Evaluating AI-Generated informed consent documents in oral surgery: A comparative study of ChatGPT-4, Bard gemini advanced, and human-written consents

J Craniomaxillofac Surg. 2024 Oct 25:S1010-5182(24)00283-X. doi: 10.1016/j.jcms.2024.10.002. Online ahead of print.

Abstract

This study evaluates the quality and readability of informed consent documents generated by AI platforms ChatGPT-4 and Bard Gemini Advanced compared to those written by a first-year oral surgery resident for common oral surgery procedures. The evaluation, conducted by 18 experienced oral and maxillofacial surgeons, assessed consents for accuracy, completeness, readability, and overall quality. ChatGPT-4 consistently outperformed both Bard and human-written consents. ChatGPT-4 consents had a median accuracy score of 4 [IQR 4-4], compared to Bard's 3 [IQR 3-4] and human's 4 [IQR 3-4]. Completeness scores were higher for ChatGPT-4 (4 [IQR 4-5]) than Bard (3 [IQR 3-4]) and human (4 [IQR 3-4]). Readability was also superior for ChatGPT-4, with a median score of 4 [IQR 4-5] compared to Bard and human consents, both at 4 [IQR 4-4] and 4 [IQR 3-4], respectively. The Gunning Fog Index for ChatGPT-4 was 17.2 [IQR 16.5-18.2], better than Bard's 23.1 [IQR 20.5-24.7] and the human consents' 20 [IQR 19.2-20.9]. Overall, ChatGPT-4's consents received the highest quality ratings, underscoring AI's potential in enhancing patient communication and the informed consent process.

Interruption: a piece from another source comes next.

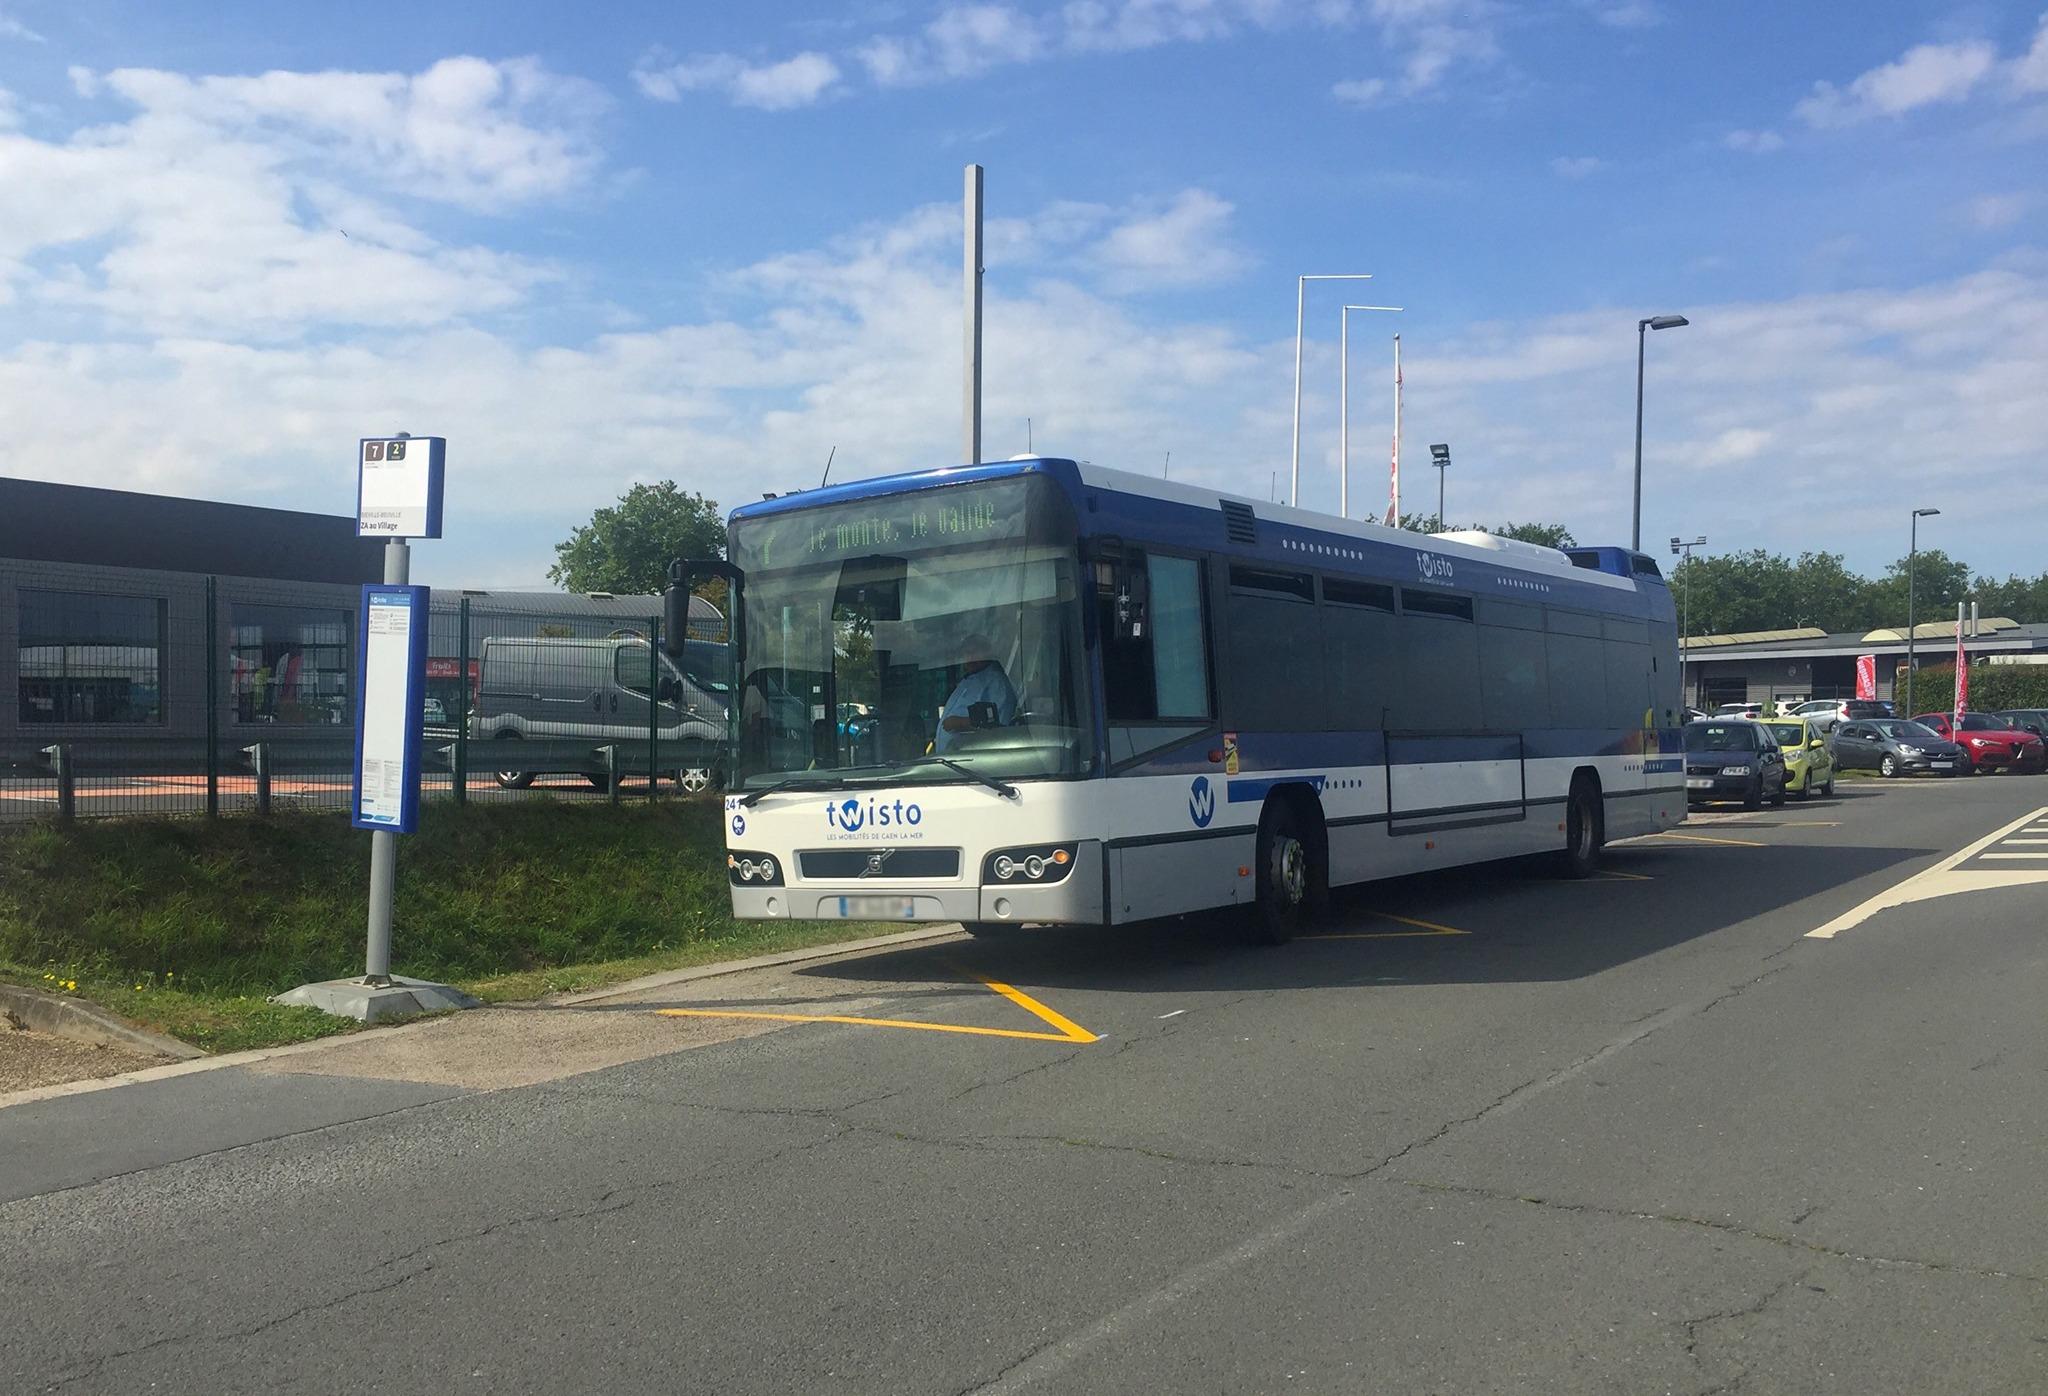 Ouverture d'une ligne de bus TWISTO au village à Biéville-Beuville.

The study suggests AI can reduce misinformation risks and improve patient understanding, but continuous evaluation, oversight, and patient feedback integration are crucial to ensure the effectiveness and appropriateness of AI-generated content in clinical practice.

Keywords: AI in healthcare; Artificial intelligence; Consent accuracy; Document quality; Informed consent; Large language models; Maxillofacial surgery; Oral surgery; Patient education.